Deciding what difficulty to play a game on is one of the most arbitrary choices you make when playing a game. I’m sure everyone has loaded up countless games and faced a screen that asks if you want to play on “Normal ” or “Hard”. What does that mean? You could play on hard for genres you’re more familiar with, but normal and hard mean such different things for different games. When that is the only information the player is given, he or she really has no way of making an informed choice, so the player will usually just pick one randomly.

Sometimes, you get a few hours into a game, and you hate how difficult it is. You’re getting frustrated with dying constantly, the puzzles are too hard, or something along those lines. However, it is too late to change the difficulty without starting over. It can go the other way as well, with you setting it on normal or easy but later want more of a challenge.

The main reason difficulty levels exist is to appeal to as wide of an audience as possible. Some people just want to experience the story in an RPG, but others want it be a challenge and feel a sense of accomplishment for completing it. By adding difficulty levels, the idea is that both of these groups of players are happy. People who want the story play on easy, and people who want a challenge play on hard. Unfortunately, not everyone fits nicely into those categories. Many people want to beat the game and feel like they are consistently making progress, but they still don’t want it to be easy.

The best you can do is guess at what the difficulty will mean. On harder difficulties, it’s a safe assumption that enemies will do more damage and have more health. The problem is that you still don’t know how much damage enemies do normally or have any idea how difficult this game is compared to any other game. The completely uninformed choice you make at the beginning can affect the rest of the game, which is not a good thing for an uninformed choice to do.

Some games have made an effort to solve this problem, to varying degrees of success. Interestingly, for most games with no difficulty option that I’ve played, I have felt like the difficulty was just right. Games like Portal 2 or Volume have only one difficulty setting, and I never felt like they were too easy or too hard. Getting that balance right takes a lot more work than throwing in several difficulty settings because you aren’t sure how hard it should be, but it works a lot better. Of course, different games are easier or harder for different people, so it doesn’t exactly solve the problem designers are aiming for with difficulty settings.

Games like Bastion and Transistor have taken a diffferent route – you can make the game more difficult if you want to, and you get rewards for doing so. The problem with that is the rewards certainly do not outweigh how much more difficult the game becomes, so it is essentially a difficulty level in disguise. Plenty of people (such as myself) are never going to make the game more difficult on purpose partway through, even if I will pick a harder difficulty at the beginning.

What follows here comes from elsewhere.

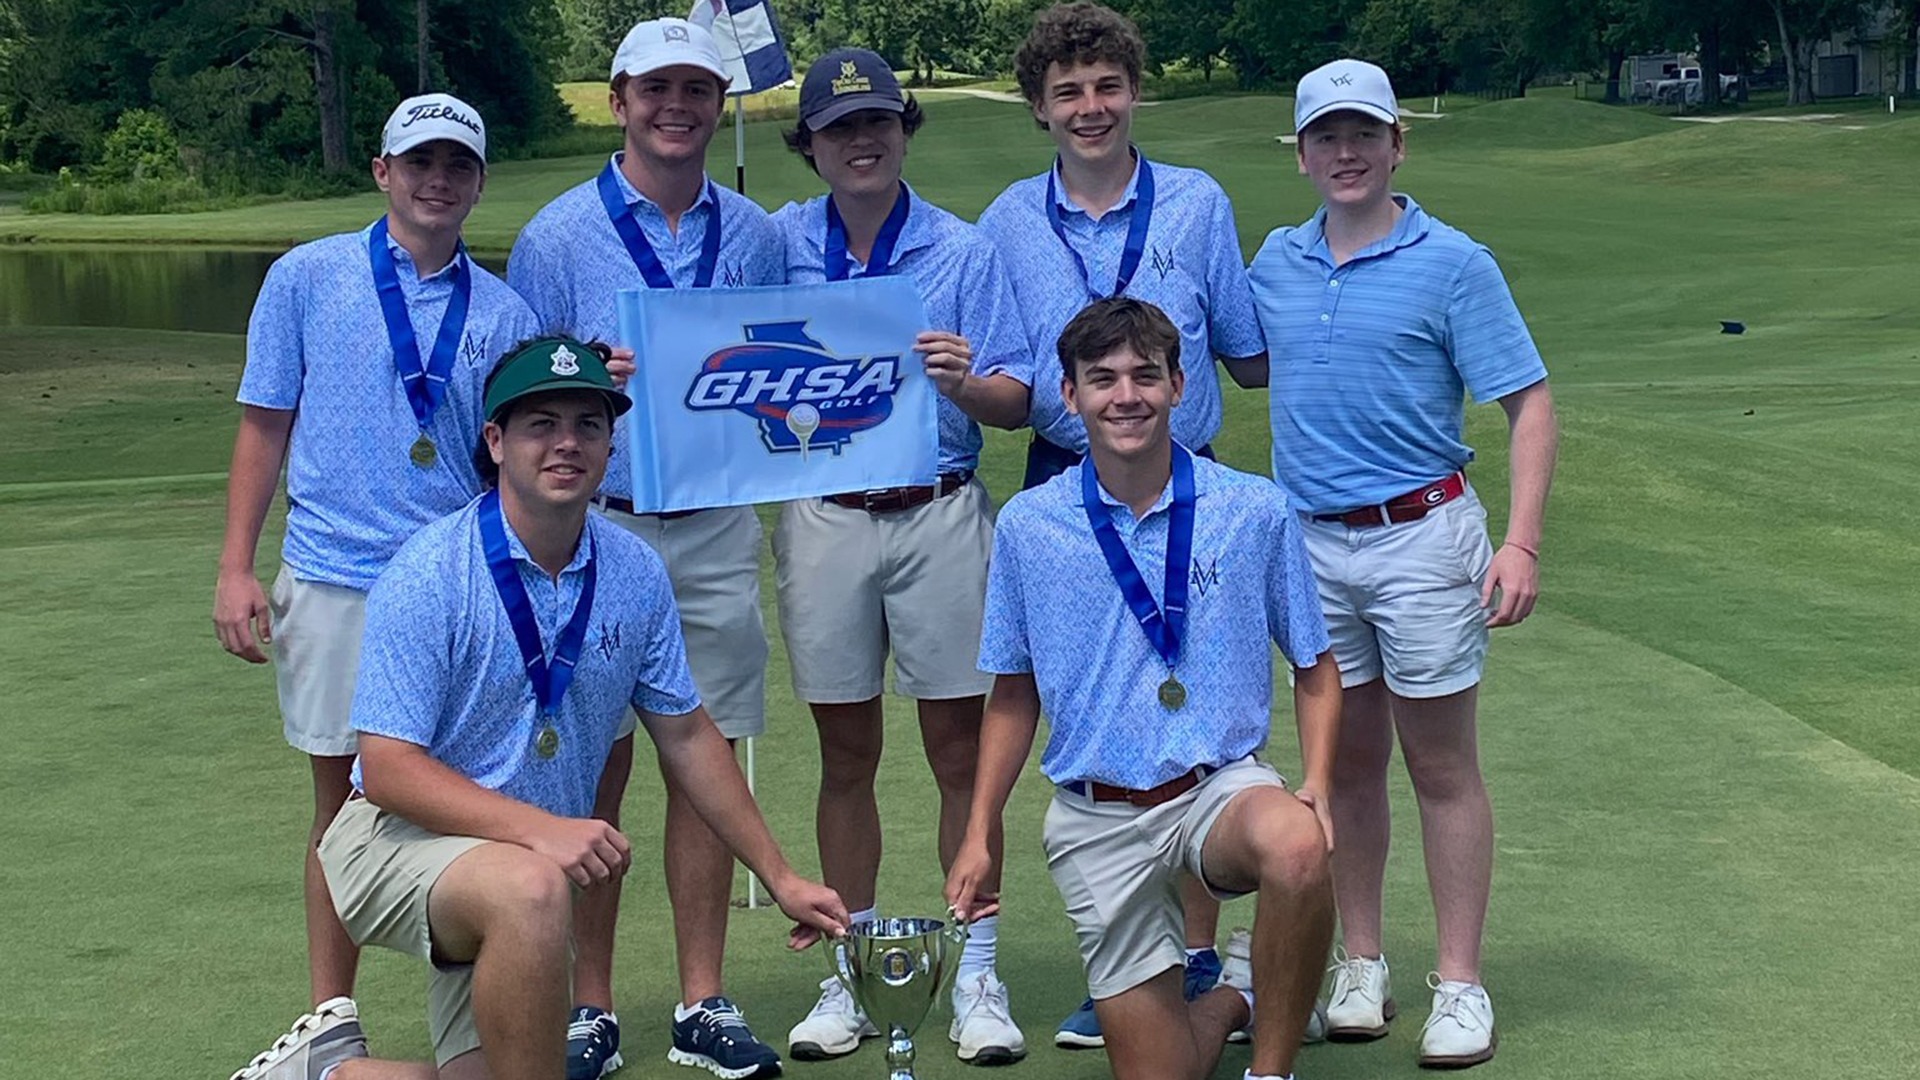 STATE CHAMPS! BOYS GOLF CLAIMS PROGRAM'S FIRST GHSA CHAMPIONSHIP

Yet other games such as Resident Evil 4 have taken the adaptive difficulty path, meaning that the game changes depending on how well you are doing in the game. If you start to breeze through it, it will add more enemies and make you take more damage. If you die too many times, it cuts back. I think this system is certainly better than difficulty settings and possibly one of the best solutions. Some people find it annoying or patronizing that the game makes it easier just so they can beat it though, like the infamous Invincibility Leaf in more recent Mario games.

One solution that potentially appeals to the more “hardcore” players that don’t want to make the game easier and still bypasses the frustration of dying over and over is simply being able to change the difficulty later. This is a system that games like The Elder Scrolls: Skyrim and The Witcher 3 have, where you can change the difficulty at any time throughout the game. If you think the game is too easy, crank it up to hard. If you’ve died on the same boss 20 times and just want to get past it, you can turn it down to easy.

Do you think difficulty settings are fine the way they are, or would you like to see other solutions?

  • msd525

    They originally started as dip switches in arcade games, so that the owner of the arcade or business could set the difficulty as he saw fit to make the most money. It depended on the crowd or perhaps how new the game was. The first system to have these dip switches brought home on a regular basis was the Genesis. Since Sega was most at home with the arcade it was only natural to them and they mandated it in their developer manuals to include difficulty settings along with live count choices (like 1, 3, 5) and continue number options, so that it mimicked the arcade. Then this became more standard practice in the home market after that, although some games like Mega Man II and various computer games also had difficulty settings.

  • Xstream

    I’m a fan of how many modern Zeldas do it, or I know how Persona 3-4, and probably quite a few other games do it. Where, you only have one set difficulty on your first playthrough of the game, but after you beat the game, you unlock a harder difficulty with which to play through.

    I think this is effective for multiple reasons. Firstly, for developers, it’s a lot harder to make 3 “easy, normal, hard” difficulties fun/balanced, than it is one. Secondly, as you said in the article, some people only want to play a game for the story. So this method shoves that issue out the door with them already knowing it, and guarantees people playing the harder variant are doing it strictly for the challenge. And thirdly, it allows developers to make a difficulty far harder than they could byallowing it at the start of the game. If you let players start on a super hard difficulty, it may drive them away from the game, but this way circumvents that.